One more reason why Nvidia has to disable quite a bit of the chip is pure volume.
Do you know how much Nvidia Data center + professional visualization revenue is? Last Quarter it was 1.3 billion dollars. That is near the revenue of AMD's CPU and graphic division which produced 1.43 billion dollars for q1. Nvidia financials tomorrow will likely produce a figure that is equal to this value.
Considering this, Nvidia must deliver enormous volume which means that yields have to take a hit to deliver to their customers. As a result, Nvidia yields for these chips have to suffer to deliver the volume wanted by their customers and this will continue be a problem in the future.
Analysts are predicting Nvidia's data center revenue to grow from 5.5 billion annually to 20 billion which is the revised prediction after A100 was released. Nvidia's market capitalization is close to Intel's right now. The reason being that the data center market is growing at an explosive speed and products from Intel and AMD are not perceived a threat in the near future(analysts already know what next gen AMD and Intel products look like as they are well connected). From the tone of your post, it seems you perceive A100 as a failure but your own bias is blurring your vision to what should be obvious. Look at the reaction from the markets(NVDA stock has grown 15% since A100 release and analysts have revised Nvidia stock value target from $275 to $420), the tangible benefits of A100 to the data center market and you will realize how blind you were to the success of this product. Scoffing off a100 prowess is just showing your own ignorance.

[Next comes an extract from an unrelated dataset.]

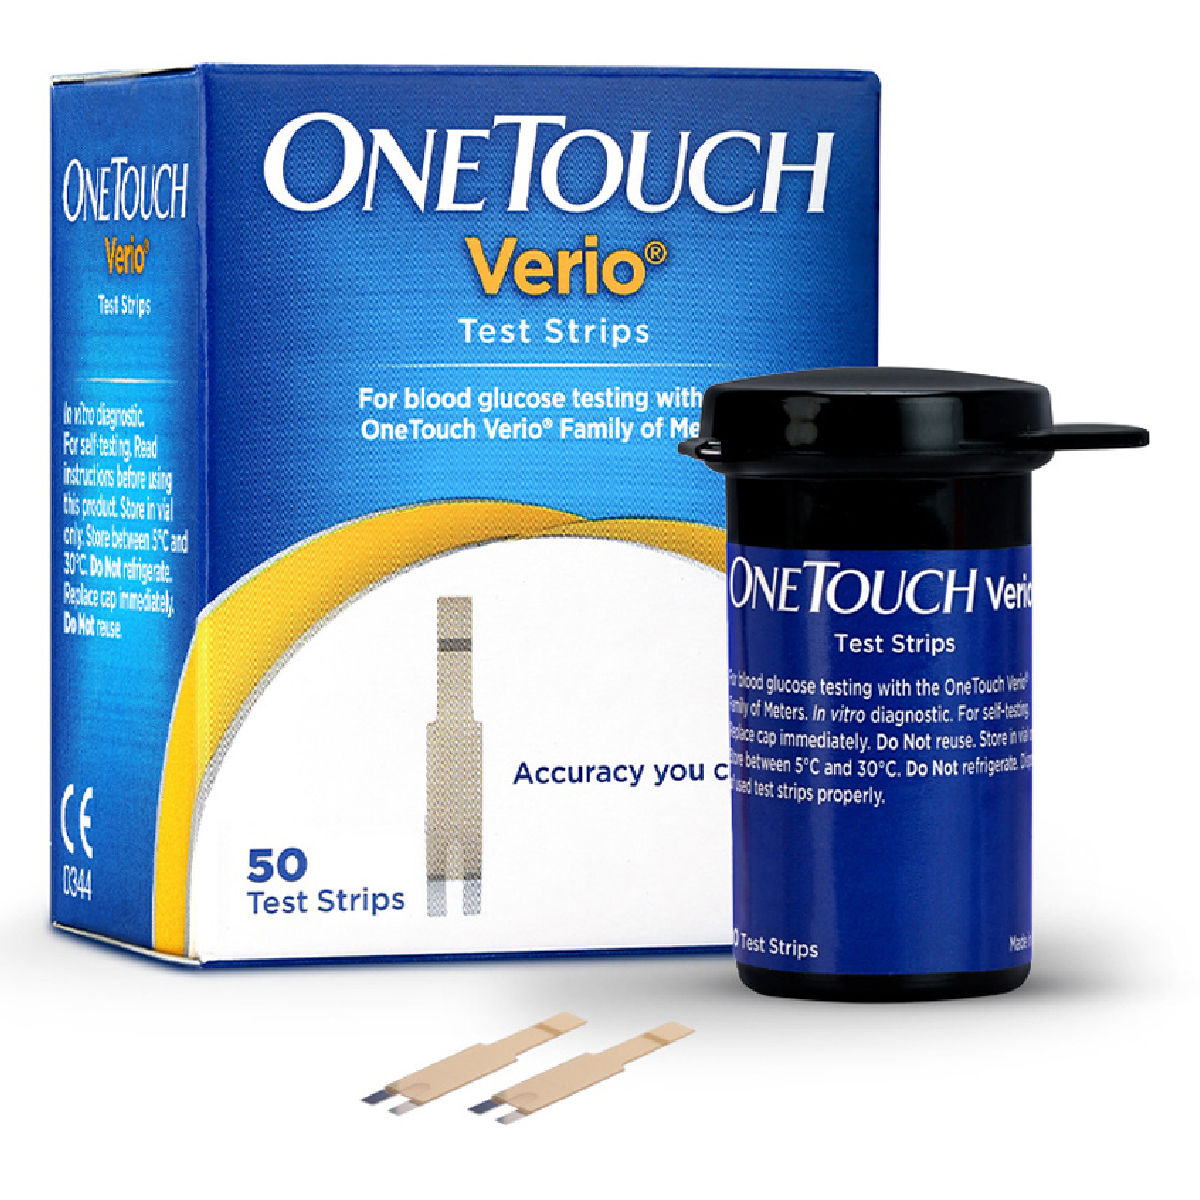 OneTouch Verio Test Strips, 50 Count, Pack of 1 
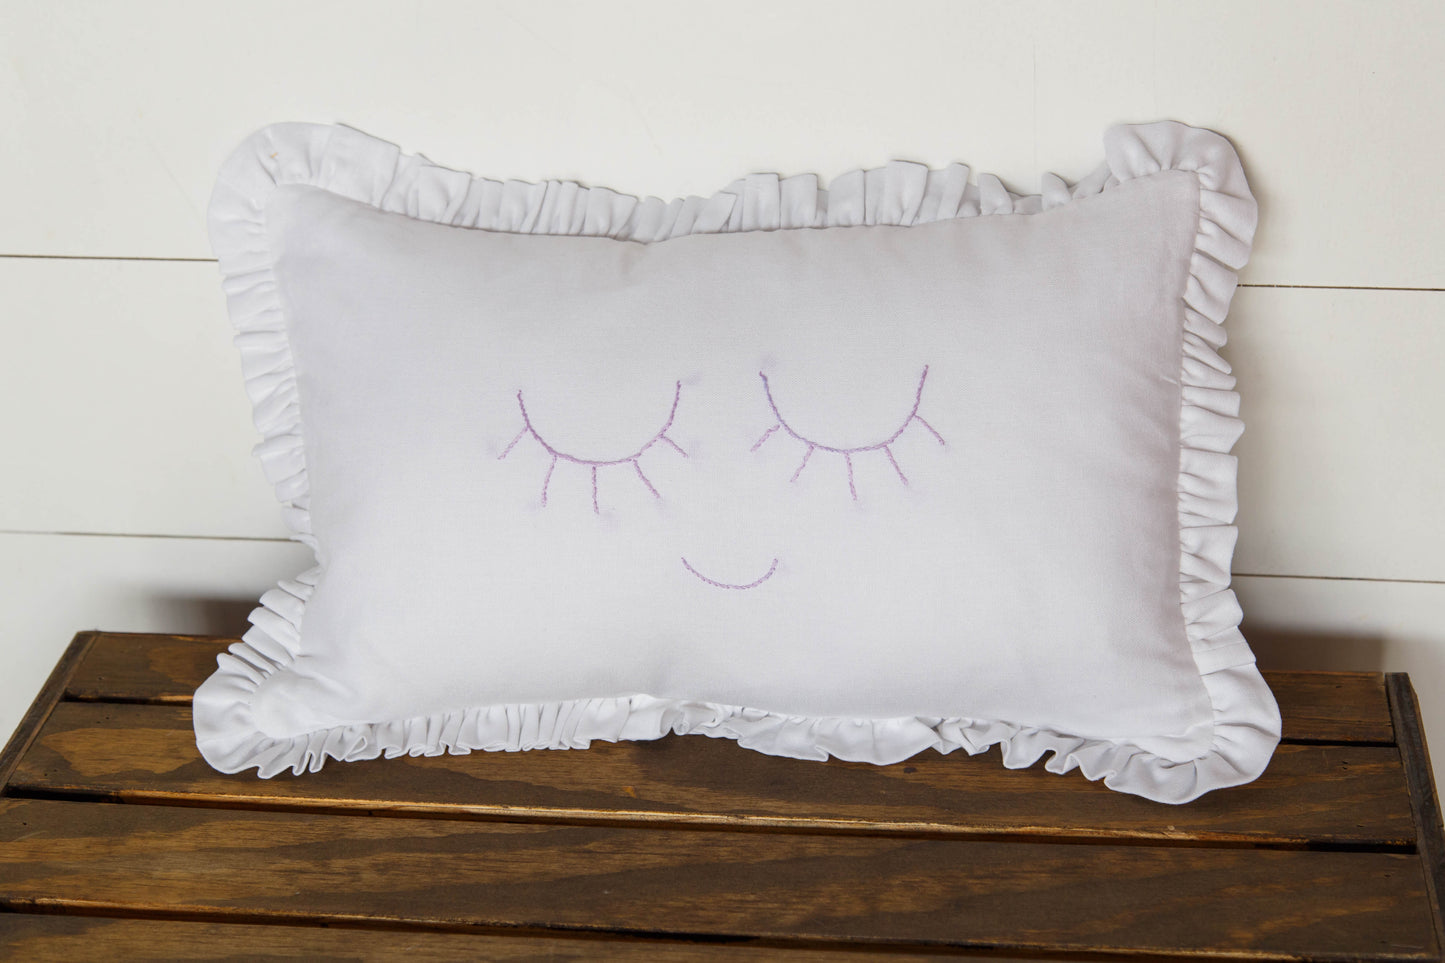 Sleepy Eyes Hand-Embroidered Pillow

How compelling ampere will be is difficult to say. I do like that DLSS is improving and becoming more flexible though it's still quite developer dependent it doesn't just work with everything so while it's a great option to have when available it's of no real use otherwise. I'm a much bigger fan of performance or image quality enhancements I can just outright utilize whenever without being reliant on a developer to implement it's functionality. We've seen how well that works with mGPU for CF/SLI I mean hey developers are "lazy" or more appropriately from their own perspective time is money. A little bit of a AMD STANboi...on my Intel CPU & Nvidia GPU...is what it is I did quite like AMD's CPU's prior to bulldozer and it's current CPU from the release Ryzen have been highly "compelling" even if they weren't 100% perfect and continued to extend upon that aspect. They've even managed to make Intel's products drastically more compelling than the dogsh*t products they'd been overpricing and selling to consumers taking advantage of everyone they could.